### [Stored items]
○ ○ ○ ○

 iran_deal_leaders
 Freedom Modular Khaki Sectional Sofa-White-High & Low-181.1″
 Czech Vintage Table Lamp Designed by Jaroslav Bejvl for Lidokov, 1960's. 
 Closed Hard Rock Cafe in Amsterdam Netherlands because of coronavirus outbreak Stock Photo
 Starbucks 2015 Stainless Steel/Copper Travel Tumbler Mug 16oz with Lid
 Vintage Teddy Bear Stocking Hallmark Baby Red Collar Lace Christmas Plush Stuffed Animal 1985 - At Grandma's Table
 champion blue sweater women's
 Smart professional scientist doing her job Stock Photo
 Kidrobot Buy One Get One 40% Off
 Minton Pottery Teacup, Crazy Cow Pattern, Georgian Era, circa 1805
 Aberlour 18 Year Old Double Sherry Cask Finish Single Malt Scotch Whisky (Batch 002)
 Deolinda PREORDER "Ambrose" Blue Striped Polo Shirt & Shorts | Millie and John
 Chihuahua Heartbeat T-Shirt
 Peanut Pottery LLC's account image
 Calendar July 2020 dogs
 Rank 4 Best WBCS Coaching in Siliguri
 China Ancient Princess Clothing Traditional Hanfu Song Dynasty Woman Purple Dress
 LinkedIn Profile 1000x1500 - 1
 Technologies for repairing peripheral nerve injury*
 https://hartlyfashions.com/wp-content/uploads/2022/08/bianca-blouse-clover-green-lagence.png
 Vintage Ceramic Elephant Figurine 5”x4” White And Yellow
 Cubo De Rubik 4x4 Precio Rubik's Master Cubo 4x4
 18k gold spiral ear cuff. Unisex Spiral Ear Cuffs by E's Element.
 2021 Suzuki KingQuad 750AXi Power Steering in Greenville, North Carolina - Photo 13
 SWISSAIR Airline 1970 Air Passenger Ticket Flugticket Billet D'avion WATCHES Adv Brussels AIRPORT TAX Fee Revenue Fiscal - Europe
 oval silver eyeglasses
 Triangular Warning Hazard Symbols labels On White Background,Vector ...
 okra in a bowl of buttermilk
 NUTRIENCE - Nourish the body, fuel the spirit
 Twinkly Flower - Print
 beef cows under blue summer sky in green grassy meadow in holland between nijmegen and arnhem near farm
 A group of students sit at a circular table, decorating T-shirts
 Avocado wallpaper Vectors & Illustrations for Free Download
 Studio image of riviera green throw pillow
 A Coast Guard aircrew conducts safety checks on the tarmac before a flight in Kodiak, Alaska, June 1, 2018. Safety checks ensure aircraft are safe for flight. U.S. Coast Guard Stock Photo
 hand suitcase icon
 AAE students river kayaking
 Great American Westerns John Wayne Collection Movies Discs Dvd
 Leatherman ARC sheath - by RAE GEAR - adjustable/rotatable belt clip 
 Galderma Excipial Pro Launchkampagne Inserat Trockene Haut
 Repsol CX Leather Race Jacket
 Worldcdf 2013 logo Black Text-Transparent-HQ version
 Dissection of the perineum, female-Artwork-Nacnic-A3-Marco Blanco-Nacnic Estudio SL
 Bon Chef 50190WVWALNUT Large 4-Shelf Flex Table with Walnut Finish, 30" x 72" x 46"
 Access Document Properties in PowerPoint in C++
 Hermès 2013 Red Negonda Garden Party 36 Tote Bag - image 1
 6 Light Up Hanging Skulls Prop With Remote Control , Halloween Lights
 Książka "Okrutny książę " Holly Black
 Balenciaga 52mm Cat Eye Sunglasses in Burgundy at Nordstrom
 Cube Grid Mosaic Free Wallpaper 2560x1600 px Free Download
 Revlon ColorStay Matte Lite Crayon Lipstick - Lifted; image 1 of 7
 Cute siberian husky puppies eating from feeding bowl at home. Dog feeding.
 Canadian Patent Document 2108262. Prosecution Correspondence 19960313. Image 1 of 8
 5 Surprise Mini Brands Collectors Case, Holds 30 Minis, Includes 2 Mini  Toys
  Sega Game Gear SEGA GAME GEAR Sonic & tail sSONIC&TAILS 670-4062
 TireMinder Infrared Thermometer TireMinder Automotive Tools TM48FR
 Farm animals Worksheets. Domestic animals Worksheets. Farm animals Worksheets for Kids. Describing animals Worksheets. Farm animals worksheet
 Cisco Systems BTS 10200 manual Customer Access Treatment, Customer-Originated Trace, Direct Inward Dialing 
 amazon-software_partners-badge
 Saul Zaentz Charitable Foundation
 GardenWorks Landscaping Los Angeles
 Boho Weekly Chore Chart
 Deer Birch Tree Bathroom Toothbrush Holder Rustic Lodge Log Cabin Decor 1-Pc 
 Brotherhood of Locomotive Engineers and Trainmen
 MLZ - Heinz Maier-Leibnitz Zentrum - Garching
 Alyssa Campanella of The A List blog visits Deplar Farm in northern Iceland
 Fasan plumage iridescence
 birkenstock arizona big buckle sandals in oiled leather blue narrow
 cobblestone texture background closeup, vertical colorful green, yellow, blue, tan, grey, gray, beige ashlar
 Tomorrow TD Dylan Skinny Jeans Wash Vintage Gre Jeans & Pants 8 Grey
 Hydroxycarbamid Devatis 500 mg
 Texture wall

○ ○ ○ ○

Once more, write out the records above, exactly as they stand.

 iran_deal_leaders
 Freedom Modular Khaki Sectional Sofa-White-High & Low-181.1″
 Czech Vintage Table Lamp Designed by Jaroslav Bejvl for Lidokov, 1960's. 
 Closed Hard Rock Cafe in Amsterdam Netherlands because of coronavirus outbreak Stock Photo
 Starbucks 2015 Stainless Steel/Copper Travel Tumbler Mug 16oz with Lid
 Vintage Teddy Bear Stocking Hallmark Baby Red Collar Lace Christmas Plush Stuffed Animal 1985 - At Grandma's Table
 champion blue sweater women's
 Smart professional scientist doing her job Stock Photo
 Kidrobot Buy One Get One 40% Off
 Minton Pottery Teacup, Crazy Cow Pattern, Georgian Era, circa 1805
 Aberlour 18 Year Old Double Sherry Cask Finish Single Malt Scotch Whisky (Batch 002)
 Deolinda PREORDER "Ambrose" Blue Striped Polo Shirt & Shorts | Millie and John
 Chihuahua Heartbeat T-Shirt
 Peanut Pottery LLC's account image
 Calendar July 2020 dogs
 Rank 4 Best WBCS Coaching in Siliguri
 China Ancient Princess Clothing Traditional Hanfu Song Dynasty Woman Purple Dress
 LinkedIn Profile 1000x1500 - 1
 Technologies for repairing peripheral nerve injury*
 https://hartlyfashions.com/wp-content/uploads/2022/08/bianca-blouse-clover-green-lagence.png
 Vintage Ceramic Elephant Figurine 5”x4” White And Yellow
 Cubo De Rubik 4x4 Precio Rubik's Master Cubo 4x4
 18k gold spiral ear cuff. Unisex Spiral Ear Cuffs by E's Element.
 2021 Suzuki KingQuad 750AXi Power Steering in Greenville, North Carolina - Photo 13
 SWISSAIR Airline 1970 Air Passenger Ticket Flugticket Billet D'avion WATCHES Adv Brussels AIRPORT TAX Fee Revenue Fiscal - Europe
 oval silver eyeglasses
 Triangular Warning Hazard Symbols labels On White Background,Vector ...
 okra in a bowl of buttermilk
 NUTRIENCE - Nourish the body, fuel the spirit
 Twinkly Flower - Print
 beef cows under blue summer sky in green grassy meadow in holland between nijmegen and arnhem near farm
 A group of students sit at a circular table, decorating T-shirts
 Avocado wallpaper Vectors & Illustrations for Free Download
 Studio image of riviera green throw pillow
 A Coast Guard aircrew conducts safety checks on the tarmac before a flight in Kodiak, Alaska, June 1, 2018. Safety checks ensure aircraft are safe for flight. U.S. Coast Guard Stock Photo
 hand suitcase icon
 AAE students river kayaking
 Great American Westerns John Wayne Collection Movies Discs Dvd
 Leatherman ARC sheath - by RAE GEAR - adjustable/rotatable belt clip 
 Galderma Excipial Pro Launchkampagne Inserat Trockene Haut
 Repsol CX Leather Race Jacket
 Worldcdf 2013 logo Black Text-Transparent-HQ version
 Dissection of the perineum, female-Artwork-Nacnic-A3-Marco Blanco-Nacnic Estudio SL
 Bon Chef 50190WVWALNUT Large 4-Shelf Flex Table with Walnut Finish, 30" x 72" x 46"
 Access Document Properties in PowerPoint in C++
 Hermès 2013 Red Negonda Garden Party 36 Tote Bag - image 1
 6 Light Up Hanging Skulls Prop With Remote Control , Halloween Lights
 Książka "Okrutny książę " Holly Black
 Balenciaga 52mm Cat Eye Sunglasses in Burgundy at Nordstrom
 Cube Grid Mosaic Free Wallpaper 2560x1600 px Free Download
 Revlon ColorStay Matte Lite Crayon Lipstick - Lifted; image 1 of 7
 Cute siberian husky puppies eating from feeding bowl at home. Dog feeding.
 Canadian Patent Document 2108262. Prosecution Correspondence 19960313. Image 1 of 8
 5 Surprise Mini Brands Collectors Case, Holds 30 Minis, Includes 2 Mini  Toys
  Sega Game Gear SEGA GAME GEAR Sonic & tail sSONIC&TAILS 670-4062
 TireMinder Infrared Thermometer TireMinder Automotive Tools TM48FR
 Farm animals Worksheets. Domestic animals Worksheets. Farm animals Worksheets for Kids. Describing animals Worksheets. Farm animals worksheet
 Cisco Systems BTS 10200 manual Customer Access Treatment, Customer-Originated Trace, Direct Inward Dialing 
 amazon-software_partners-badge
 Saul Zaentz Charitable Foundation
 GardenWorks Landscaping Los Angeles
 Boho Weekly Chore Chart
 Deer Birch Tree Bathroom Toothbrush Holder Rustic Lodge Log Cabin Decor 1-Pc 
 Brotherhood of Locomotive Engineers and Trainmen
 MLZ - Heinz Maier-Leibnitz Zentrum - Garching
 Alyssa Campanella of The A List blog visits Deplar Farm in northern Iceland
 Fasan plumage iridescence
 birkenstock arizona big buckle sandals in oiled leather blue narrow
 cobblestone texture background closeup, vertical colorful green, yellow, blue, tan, grey, gray, beige ashlar
 Tomorrow TD Dylan Skinny Jeans Wash Vintage Gre Jeans & Pants 8 Grey
 Hydroxycarbamid Devatis 500 mg
 Texture wall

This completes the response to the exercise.